### STORED DATA ###

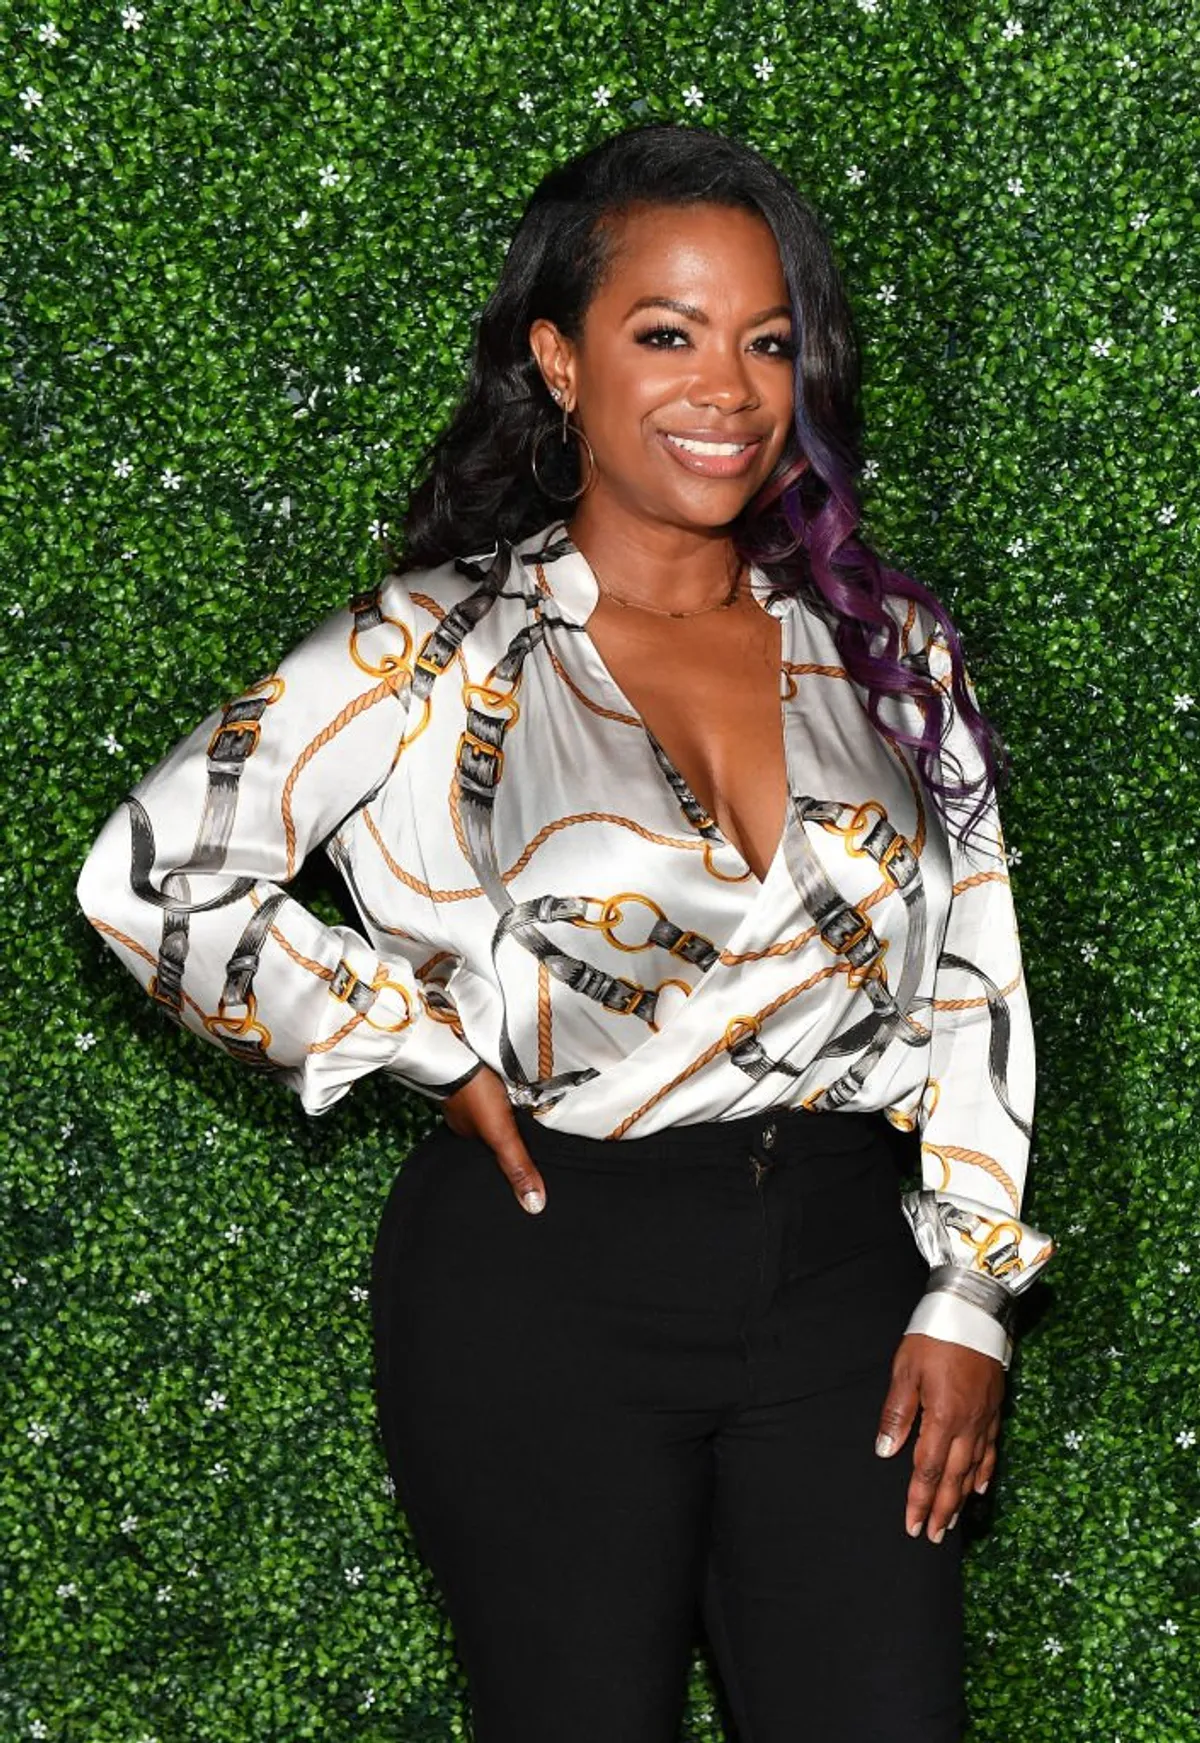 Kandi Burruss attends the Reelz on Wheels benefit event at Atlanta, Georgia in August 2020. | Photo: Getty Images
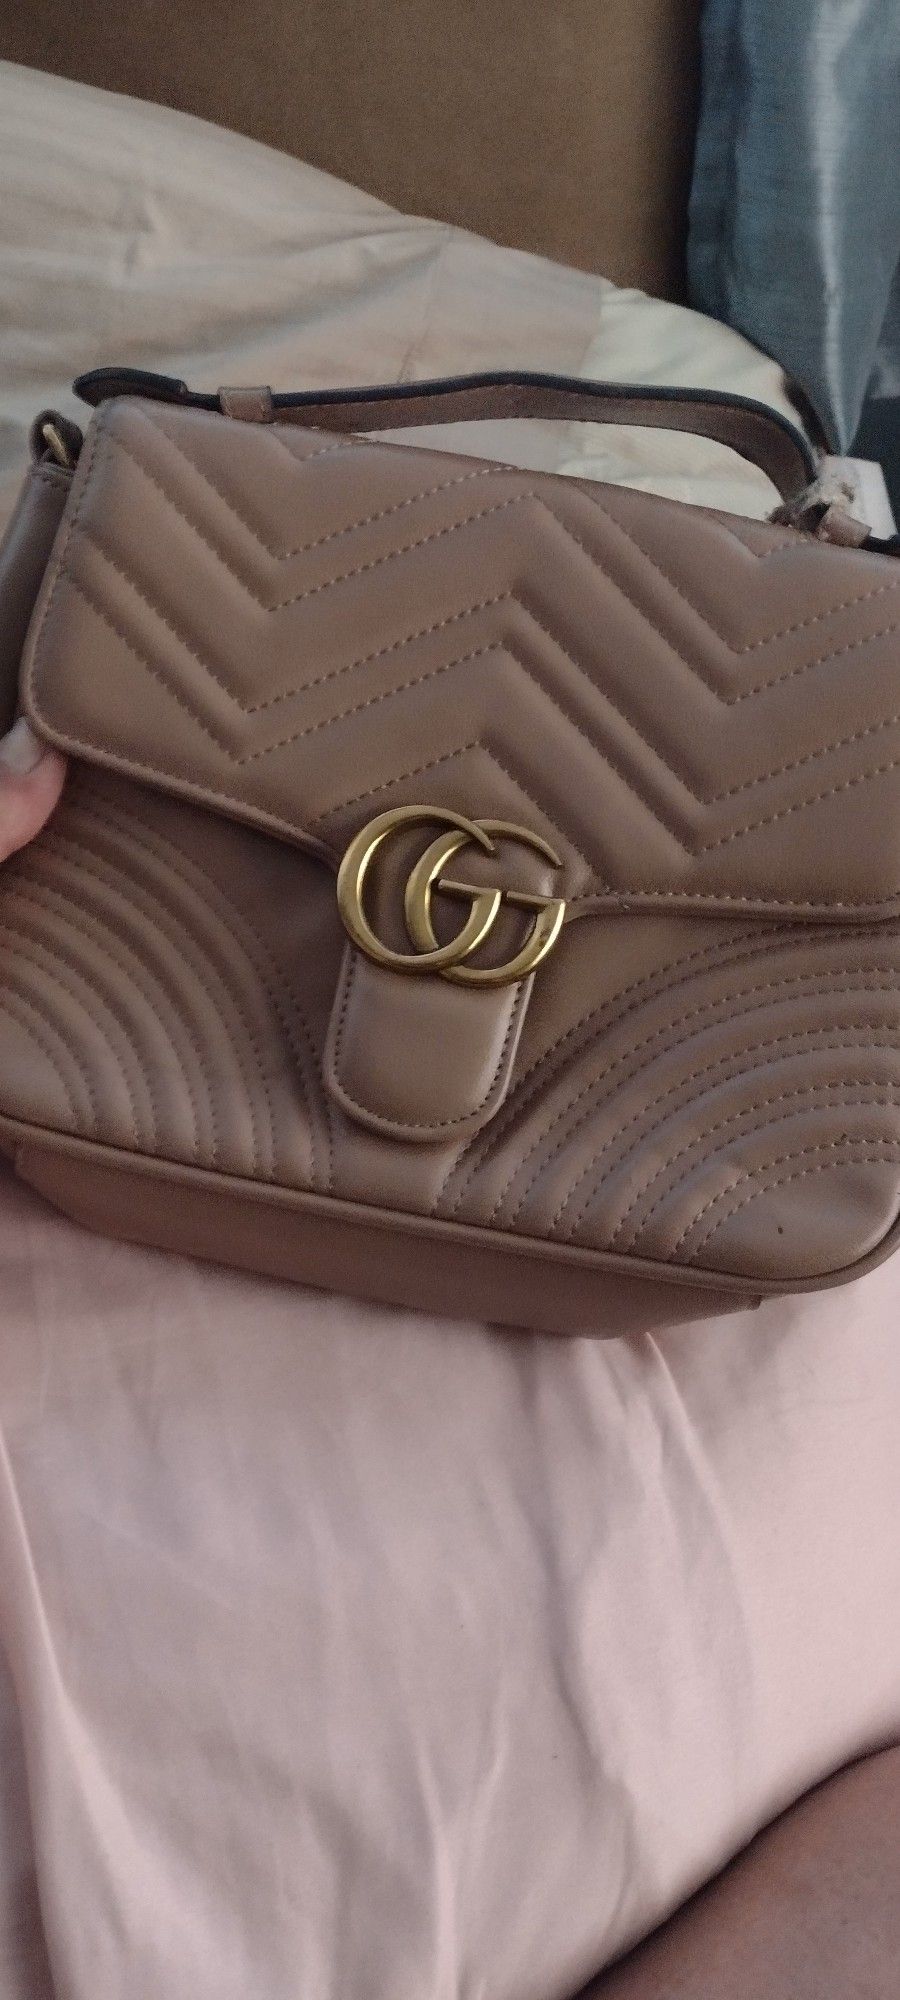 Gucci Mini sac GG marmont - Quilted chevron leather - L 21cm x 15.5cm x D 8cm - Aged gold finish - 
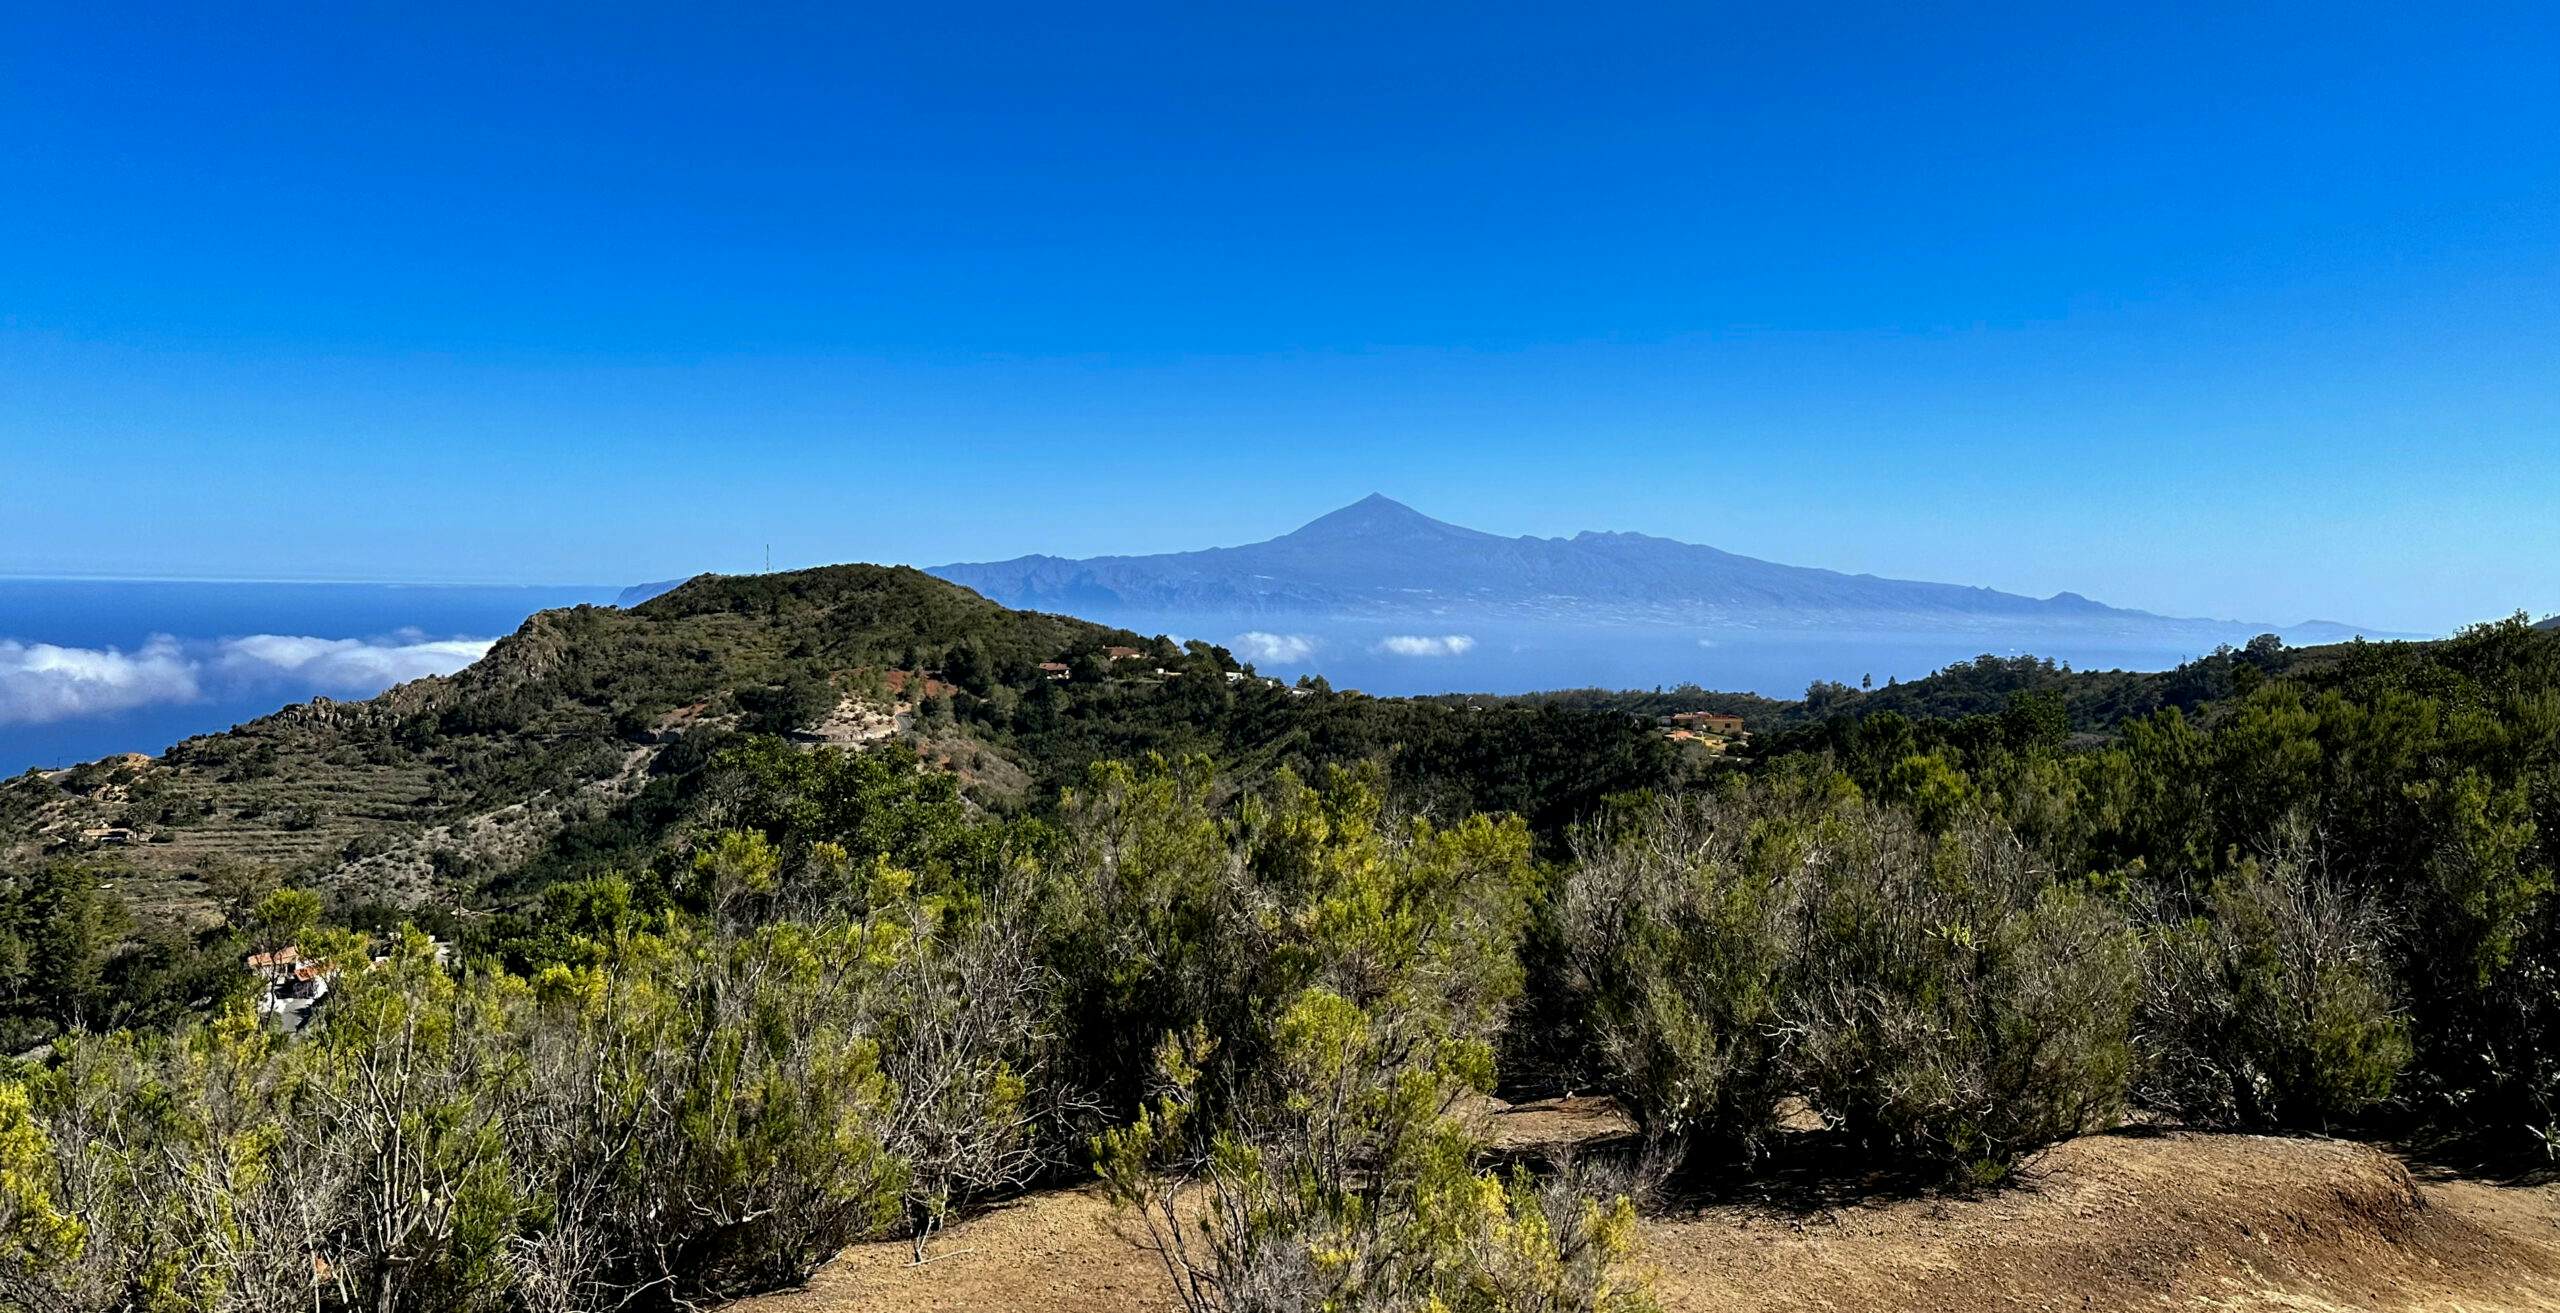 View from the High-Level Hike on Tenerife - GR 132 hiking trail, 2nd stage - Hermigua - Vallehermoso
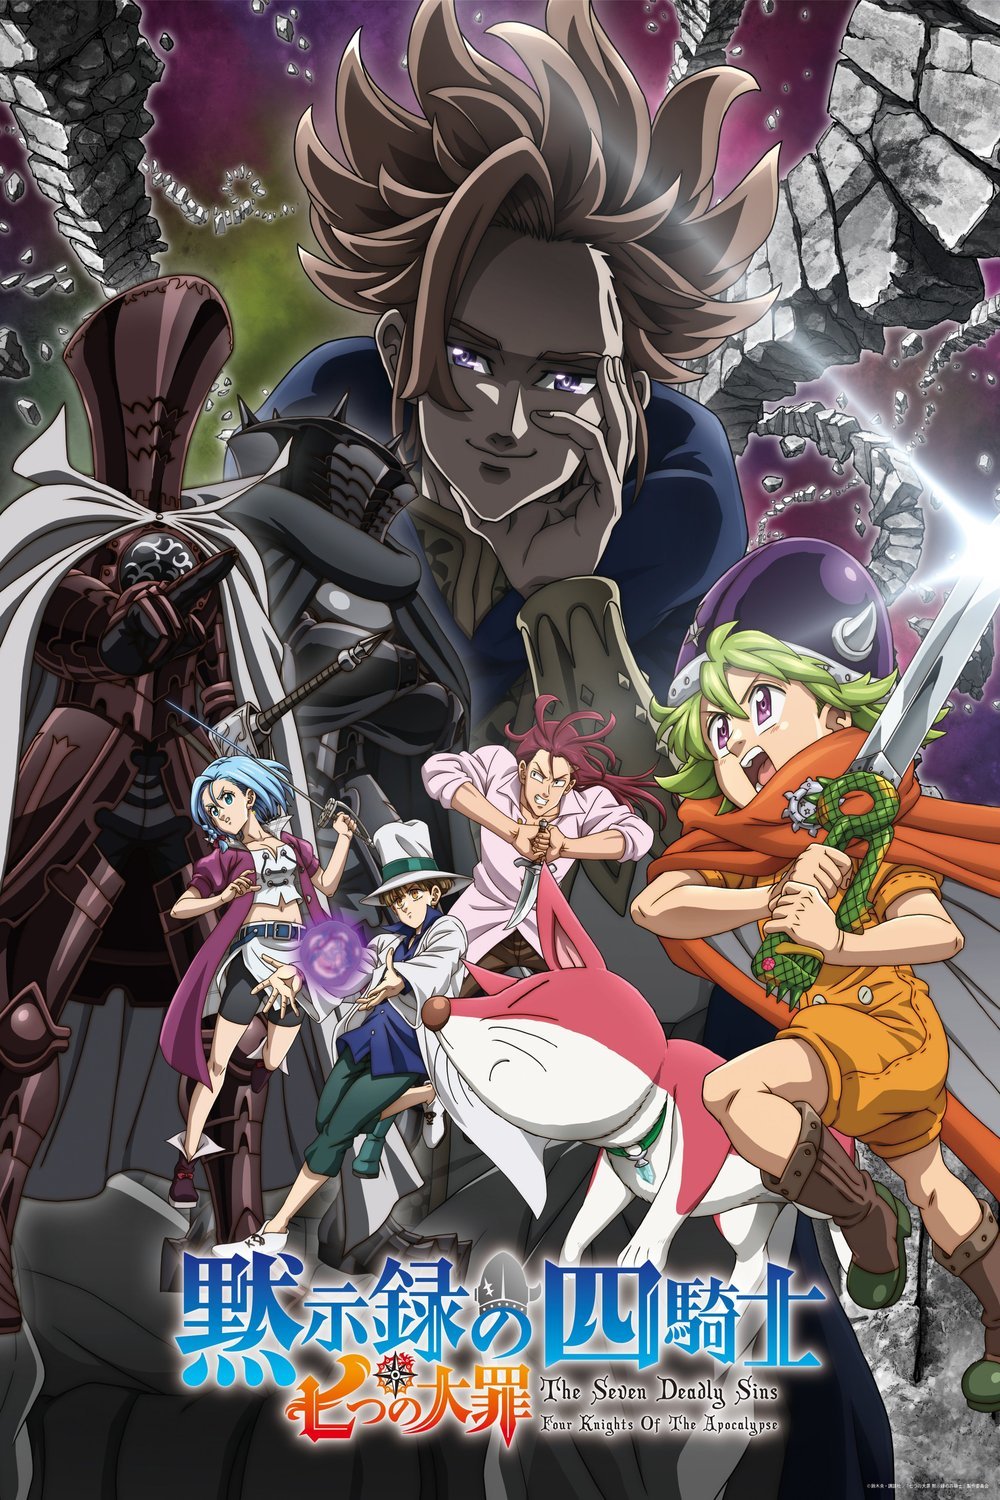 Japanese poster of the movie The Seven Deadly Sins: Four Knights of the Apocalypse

###

» WHAT THE EXERCISE ASKS
All of the material above is to be retyped verbatim, with its pictures omitted.

» ANSWER SECTION
 Kandi Burruss attends the Reelz on Wheels benefit event at Atlanta, Georgia in August 2020. | Photo: Getty Images
 Gucci Mini sac GG marmont - Quilted chevron leather - L 21cm x 15.5cm x D 8cm - Aged gold finish - 
 View from the High-Level Hike on Tenerife - GR 132 hiking trail, 2nd stage - Hermigua - Vallehermoso
 Japanese poster of the movie The Seven Deadly Sins: Four Knights of the Apocalypse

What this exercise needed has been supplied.